Dez anos, ou mais, esperámos por uma sequência para As Quatro Voltas, de um realizador que, definitivamente, precisa do seu tempo. Precisa do seu tempo também dentro dos filmes, como Das Profundezas volta a atestar — um tempo contemplativo, aliás uma maravilha de desaceleração, mas um tempo que não é o produto da pura contemplação, bem pelo contrário, é um tempo composto, encenado, montado, e, quer nos planos mais largos quer nos planos mais aproximados, um tempo que está sempre a pensar a relação entre mobilidade e fixidez, entre o humano e a paisagem, entre o presente e o curso da história.
É, de forma assim um bocadinho abstracta, um resumo possível para Das Profundezas (no título original, Il Buco, “o buraco”). O seu centro é uma gruta nas profundezas da Calábria, tida como a mais profunda (ou uma das mais profundas) da Europa, primeiro visitada por uma missão de espeleólogos italianos no princípio dos anos 60. É um movimento para “baixo”, para o fundo, para as profundezas, portanto, o móbil do filme, mas curiosa e genialmente começamos por ver, primeiro, o exacto oposto disso. Recuperando um filme de época, como se fosse uma transmissão televisiva, Frammartino deixa-nos ver o movimento ascendente de um elevador que sobe a fachada do edifício Pirelli em Milão, inaugurado mais ou menos na altura da expedição dos espeleólogos, e um símbolo do “milagre económico” italiano dos anos 50 e 60, esse “milagre” tão documentado, tão criticado, tão espiolhado, por toda uma geração do cinema feito em Itália (dos grandes “autores” aos pequenos mestres da comédia à italiana). O Norte abastado de Itália vai, portanto, para cima; no sul pobre (a Calábria) vai-se para baixo, até ao fundo — com ironia e sem nenhuma explicação, fica dada a profunda desigualdade (ainda hoje, tão problemática) da “geografia social” italiana.
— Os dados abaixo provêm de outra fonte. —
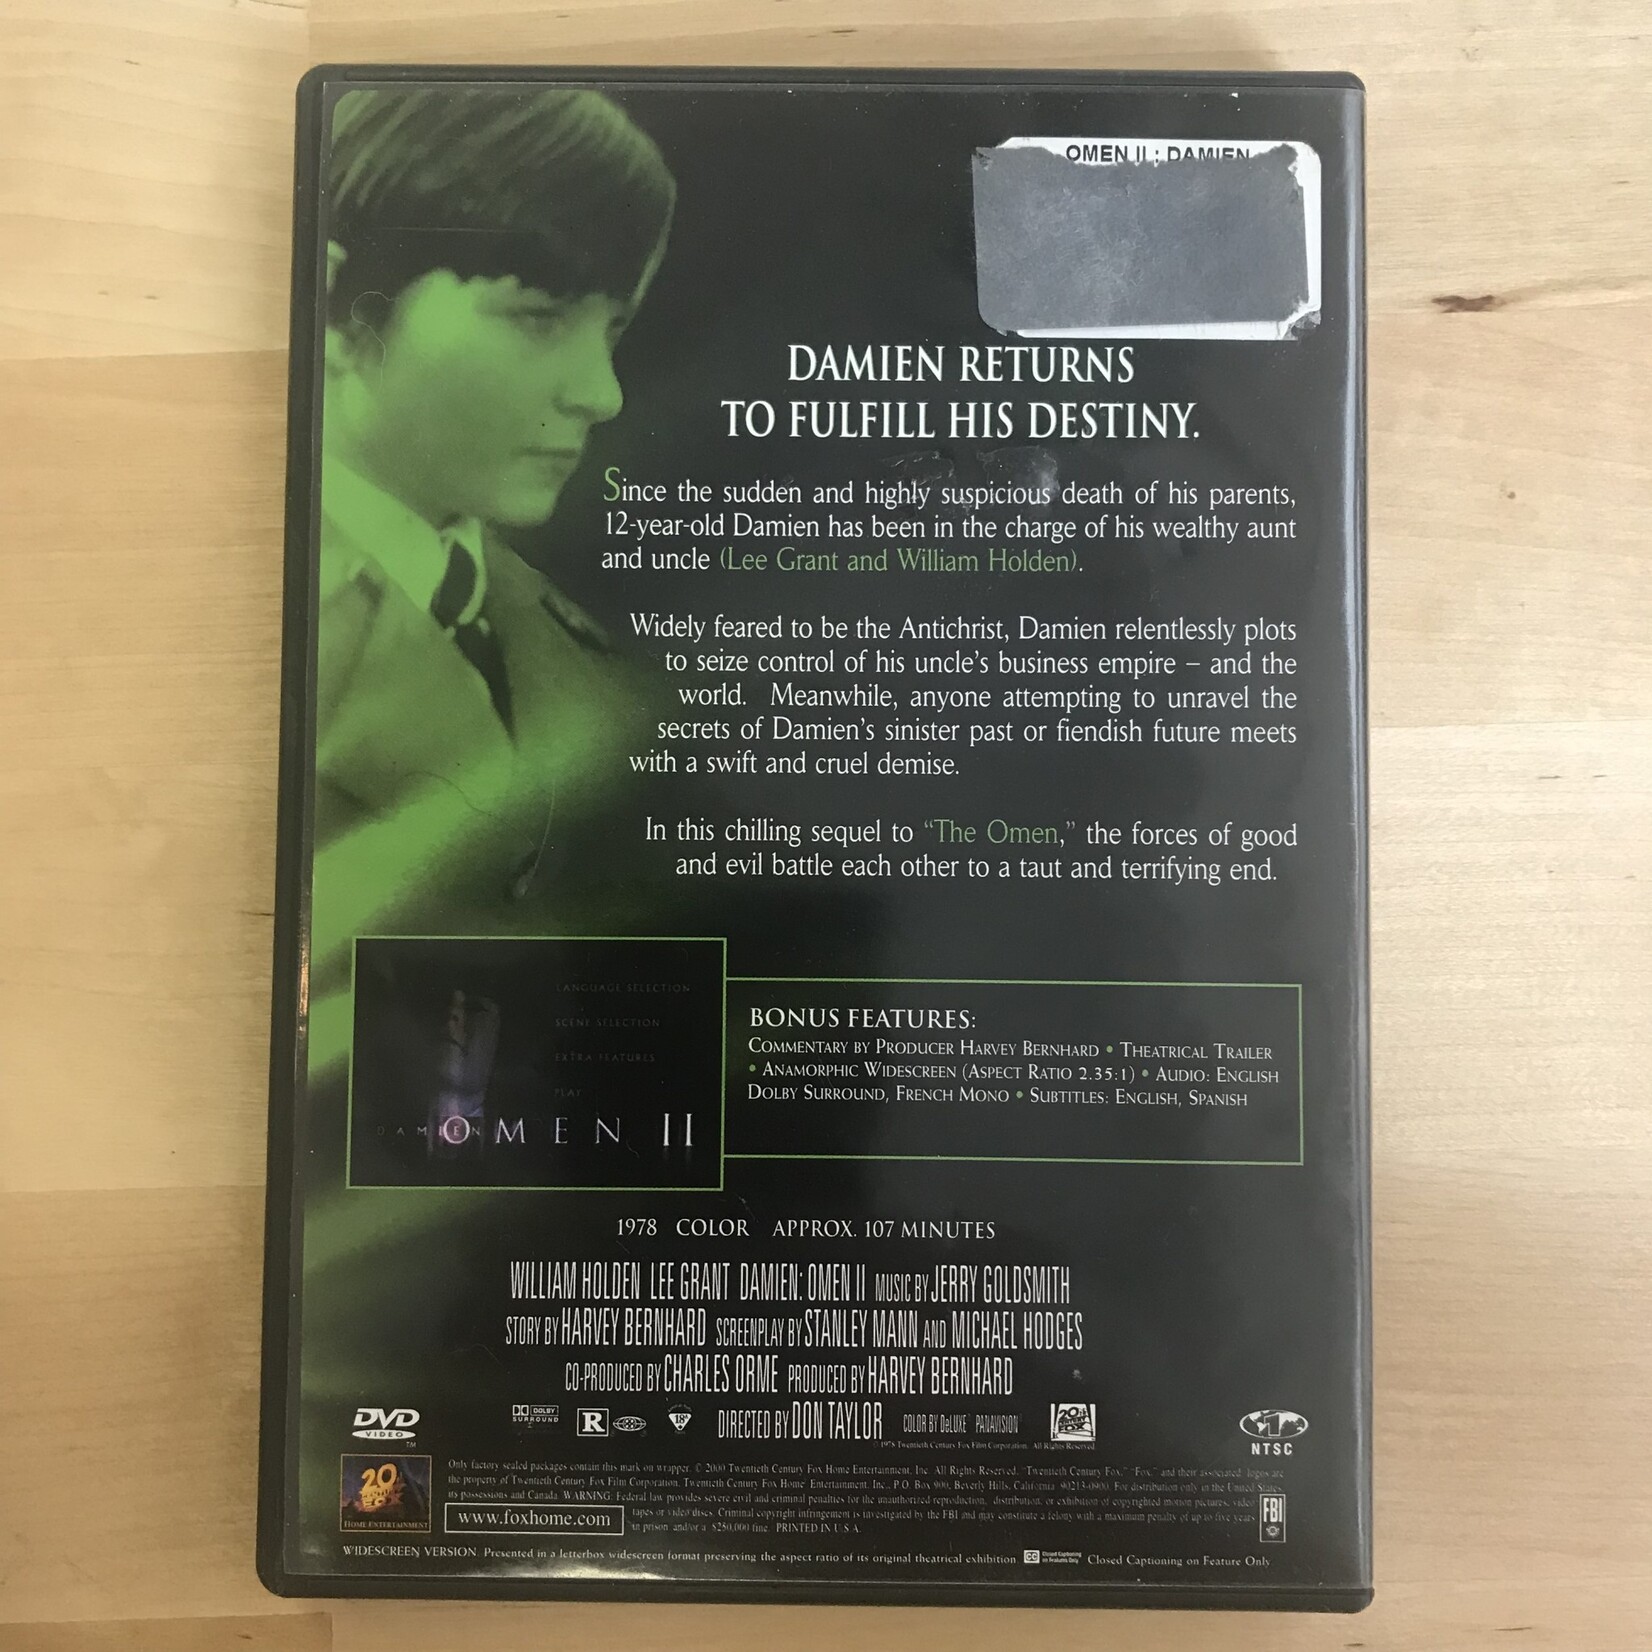 Omen II: Damien - DVD (USED)

Outras oposições, dadas numa espécie de montagem paralela “ao ralenti”, figuram no filme, com bastante poder expressivo — como a história, dada sem palavras ou quase (aliás, todo o filme, passada a tagarelice “de arquivo” dos repórteres que sobem o Pirelli, é sem palavras ou quase), do velho pastor que parece estar a morrer lentamente no mesmo tempo em que os espeleólogos vão chegando ao fundo da gruta, o que atribui à gruta, entre todas as propriedades simbólicas que o filme permite ao espectador atribuir-lhe (porque o final, sinal da sua inteligência, não “atribui” nada, apenas acumula elementos para que o espectador faça as atribuições que lhe aprouver), ainda uma dimensão fúnebre, como uma cripta. Mas nessa caverna, que também é o tempo das trevas (todos os platonismos e alegorias conexas são permitidos) e também é o tempo de uma espécie de espectáculo primitivo (os efeitos das luzes dos exploradores sobre as paredes e as formas rochosas: é o princípio do cinema, não?), está enterrado uma espécie de eco mudo, abafado, e dado outra vez com enorme ironia (ou enfim: a ironia é a única ferramenta que o espectador tem disponível), do tempo de uma inocência italiana. Aquele exemplar de uma velha revista de espectáculos, com o rosto de Sophia Loren a ocupar toda a capa, que Frammartino faz os seus espeleólogos descobrirem nas profundezas, é o seu sinal maior, numa mistura de nostalgia e convite à semiologia. No subsolo da Calábria, espreita-nos o olhar da “diva” — e a psicanálise de um país funde-se na sua geologia, num magnífico exercício de não dizer fingindo que diz, ou exactamente ao contrário.